In terms of the sequencing process, the Ion Torrent S5 and Illumina MiSeq followed a streamlined process flow, which allowed the platforms to display their adaptability in the WGS of SARS-CoV-2. The sequencing runtime for a sample set of 96 on the Illumina MiSeq was 36 hours, whereas on the Ion Torrent S5 it was seven hours using two Ion 540 sequencing chips. The difference in sequencing time allows a greater number of samples to be sequenced on the Ion Torrent S5 in a 36-hour period than on the Illumina MiSeq. Although the sequencing duration is much shorter on the Ion Torrent S5, it is important to note that the remaining processes such as amplification and library preparation consume a shorter duration on the Illumina MiSeq. The automated process for templating the manually prepared libraries onto the Ion Torrent sequencing chip is approximately 15,5 hours whereas the amplification and tagmentation step utilize less than 10 hours. These findings confirmed previous observations that found similarities in processing times with each respective workflow (30). With limited hands-on time, full automation with the Ion chef allows for faster turnaround times but limits sample numbers that can be processed at once (eight libraries per seven and a half hours on the Ion Chef) on the Ion Torrent S5. Thus making the Ion Torrents selling point of full automation its major downfall in a high-throughput laboratory setting. However, taking into consideration the manual route for library preparation, the Ion Torrent S5 is similar to the Illumina MiSeq in handling larger sample numbers provided a manual library preparation is followed. The Illumina MiSeq workflow can also be automated by including an external liquid handler further to reduce hands-on time and overall duration of processing. In addition, reagents used in the upstream preparation processes on the Illumina MiSeq can be further optimized and validated to accommodate greater sample numbers with reduced reagent volumes by miniaturisation of process workflow. In contrast, the use of full automation on the Ion Torrent S5 coupled with the Ion chef allows for limited handling of small sample numbers. It increases the overall turnaround time in a day-shift laboratory site. It is therefore feasible to incorporate a manual library preparation for such platforms to minimize turnaround times and increase sample numbers processed in a high throughput laboratory setting as illustrated in this study.
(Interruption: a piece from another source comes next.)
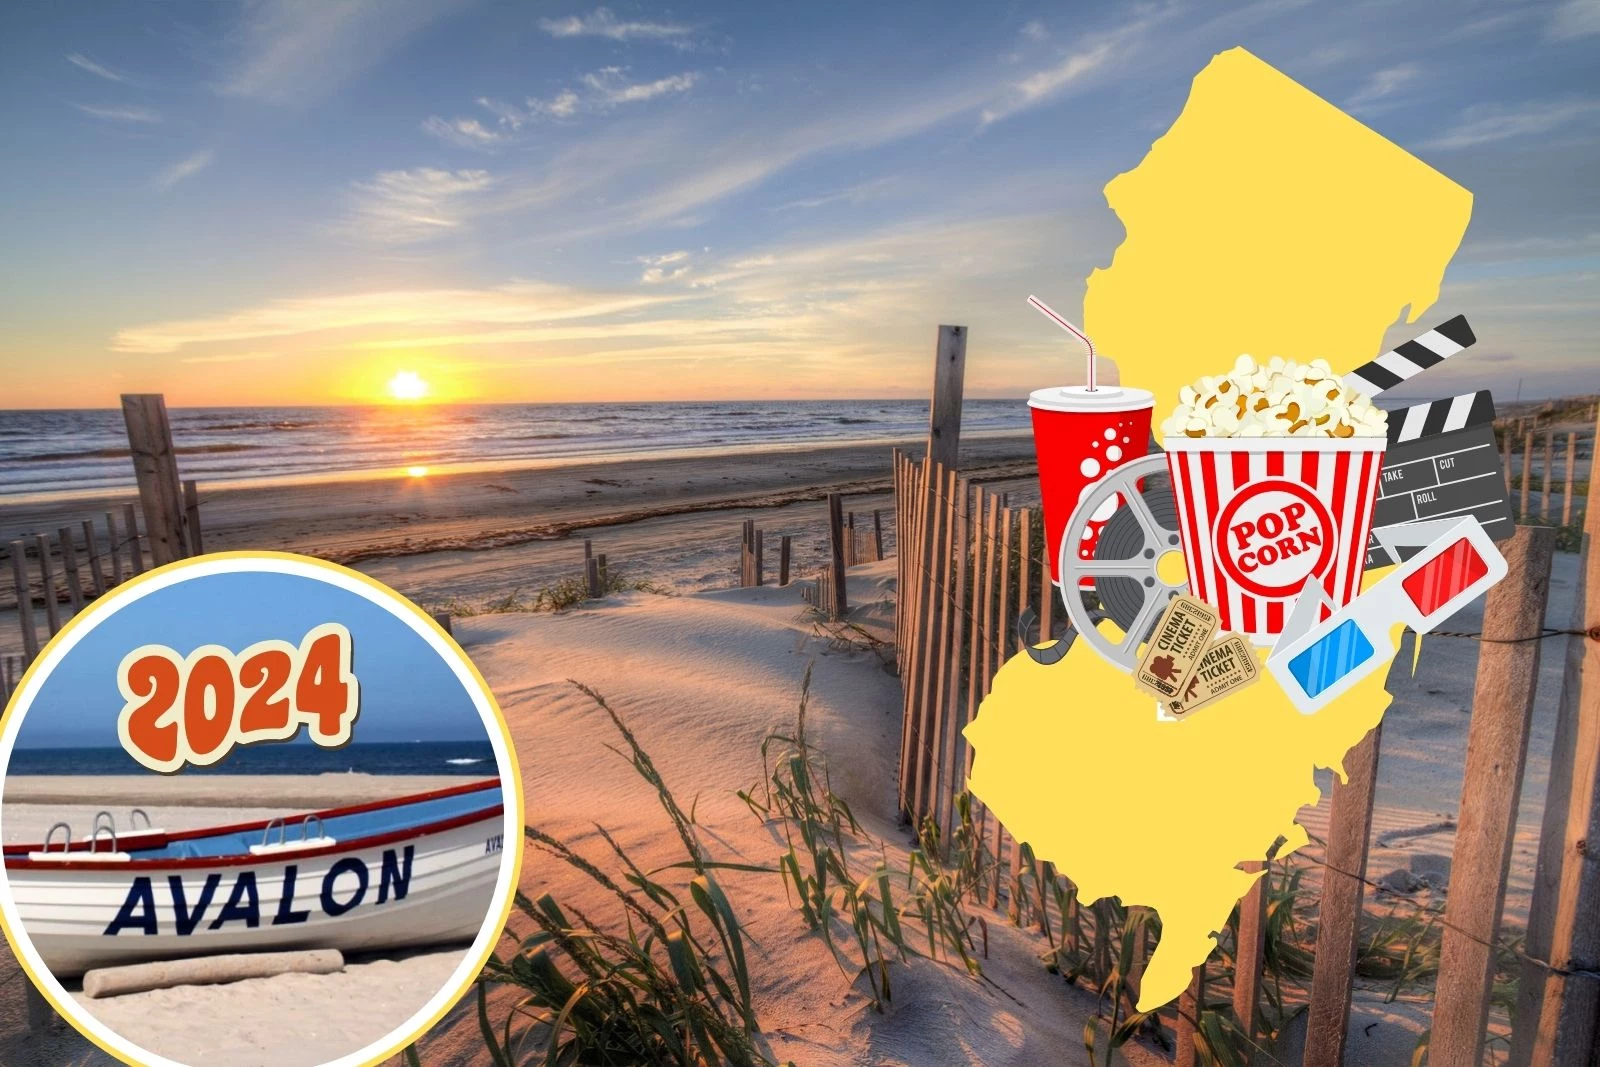 Movies on Beach in Avalon NJ 2024

The same remnant sample set of 183 was used to limit variability between samples and ensured comparison of the data generated during analysis from the two platforms. The sequence process had a direct impact on the sequencing outcomes in relation to genomic coverage and sequence quality metrics. Sequence quality was based on in-house quality control specifications established at KRISP for GISAID submissions. These included sequences, which had greater than 80% genomic coverage and less than 100 mutations. Although the Ion Torrent S5 and Illumina MiSeq are both capable of producing complete SARS-CoV-2 genomes, sequences generated on the Ion Torrent S5 maintained an overall higher mean genomic coverage in comparison to sequences generated on the Illumina MiSeq. Various factors contribute to the genomic coverage obtained from both platforms. Ct values are semi-quantitative numbers that generally categorise the concentration of viral RNA in a given sample following qPCR testing. An inverse correlation was observed between viral load and Ct values. Low Ct scores are associated with high viral loads and were found to influence sample quality and, therefore, overall sequence quality (33, 34). Echoing previous findings, we observed an association of viral load on genomic coverage for all sequences generated. Moderate to low viral load samples sequenced on the Ion Torrent S5 resulted in an overall good mean genomic coverage (> 60%) resulting in higher success rates and increased test eligibility. These findings imply that the Ion Torrent S5 sequencing capabilities are less likely to be affected by sample Ct values and, therefore, can be employed in sequencing of samples during early stages of infection when viral load is lower. However, further investigation may be required to assess this using a larger sample cohort across various laboratories. In contrast, the Illumina MiSeq relied on samples with higher viral load for better coverage of genomes as observed in other studies (20–22).
Additionally, the increase in genomic coverage obtained from the Ion Torrent S5 may be attributed to the greater number of reads obtained per sample with the use of two Ion 540 chips in a sequencing run of 96 samples (26). As highlighted in Table 1, the AmpliSeq Research Panel on Ion Torrent S5 produces over twice the number of reads of the Illumina MiSeq, and half the size of fragments sequenced compared to the Illumina MiSeq (200bp versus 400bp) (35). In essence, the number of reads achievable for the samples sequenced in this dataset would be at least double on the Ion Torrent S5 to obtain a coverage that is higher or equal to the Illumina MiSeq. It is possible that the greater number of reads obtained per sample could also have contributed to the greater coverage and reliability in clade assignments observed in sequences generated on the Ion Torrent S5.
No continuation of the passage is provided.